4. Memorandum of Association has details relating to the objects and powers of the
company. Alternatively, AOA has information about the norms and rules of the company.
5. Memorandum of Association should have six fundamental clauses. On the contrary, AoA
is drafted as per the company’s discretion.
6. MoA has to be registered with the Registrar of Companies at the time of incorporation.
For AoA, the company is not required to fulfil such requirements, though there is a
provision for voluntarily registration.
7. A MoA specifies the interplay between the company and third parties. On the opposite,
AoA regulates the interplay between the company and its serving members. It also
defines the interplay between the members.
8. When it comes to scope, the activities carried out beyond the scope of MoA are null and
void.

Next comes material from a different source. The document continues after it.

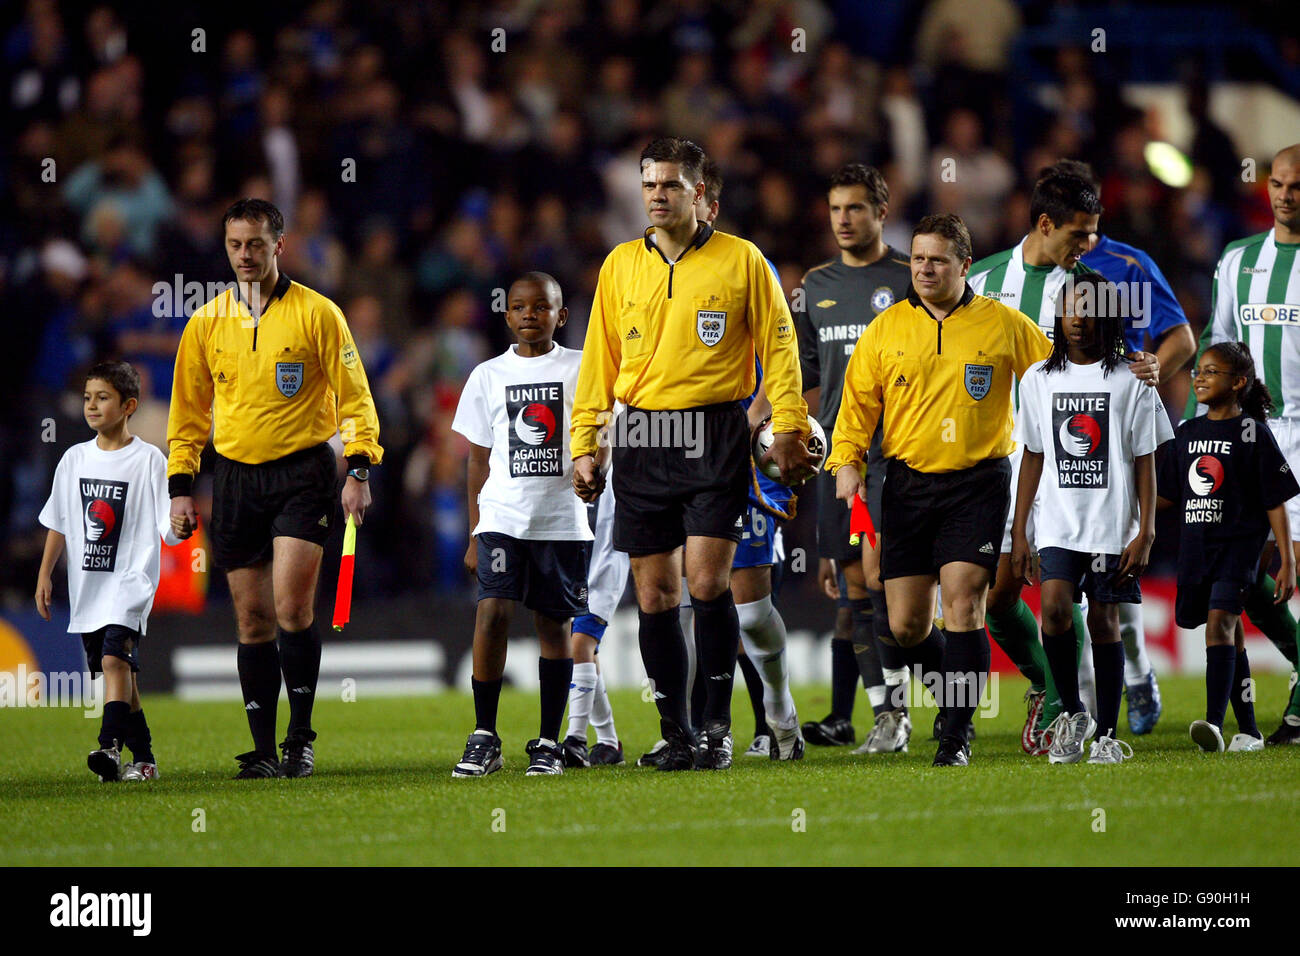 Soccer - UEFA Champions League - Group G - Chelsea v Real Betis - Stamford Bridge. Referee Terje Hauge (c) and his assistants Arild Sundet and Steinar Holvik lead the teams out Stock Photo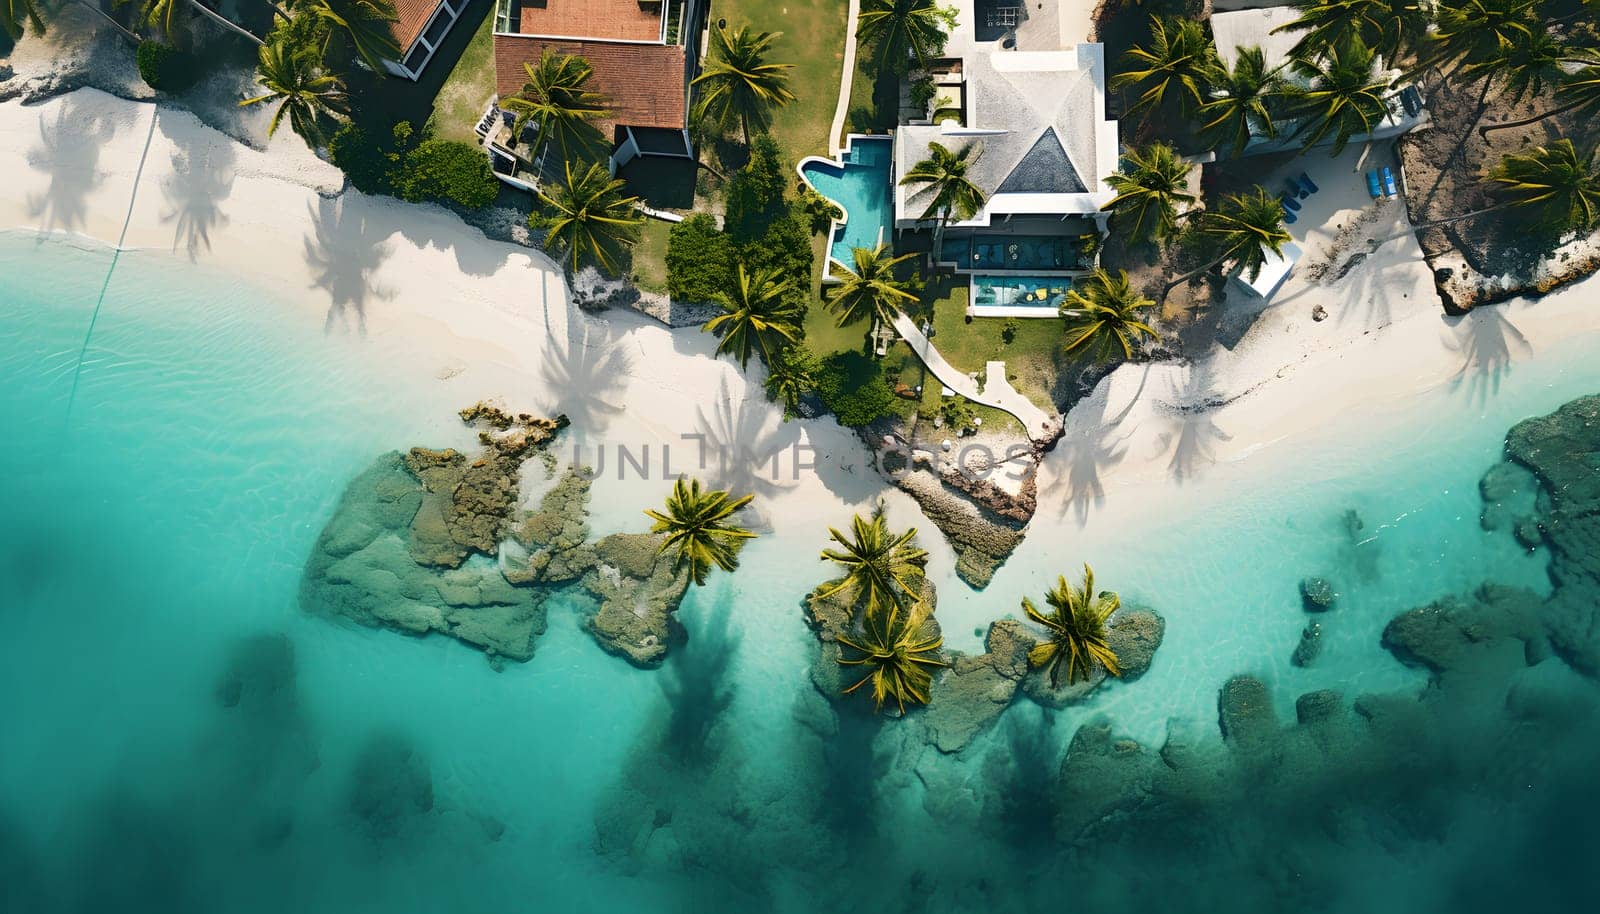 A captivating birds eye view showcases a stunning beachfront home nestled amidst the scenic beauty of palm trees swaying along the shoreline. This aerial shot captures the tranquil ambiance and grandeur of this remarkable coastal sanctuary.

On the contrary, activities performed outside the scope of AoA can be ratified by
shareholders’ voting.

Conclusion

The Memorandum of association and articles of association are the two imperative documents of
an organization. Both these documents guide the company on various subject matters. They also
assist in the apt administration and functioning of the company. That is why every company is
mandated to draft its Memorandum and articles.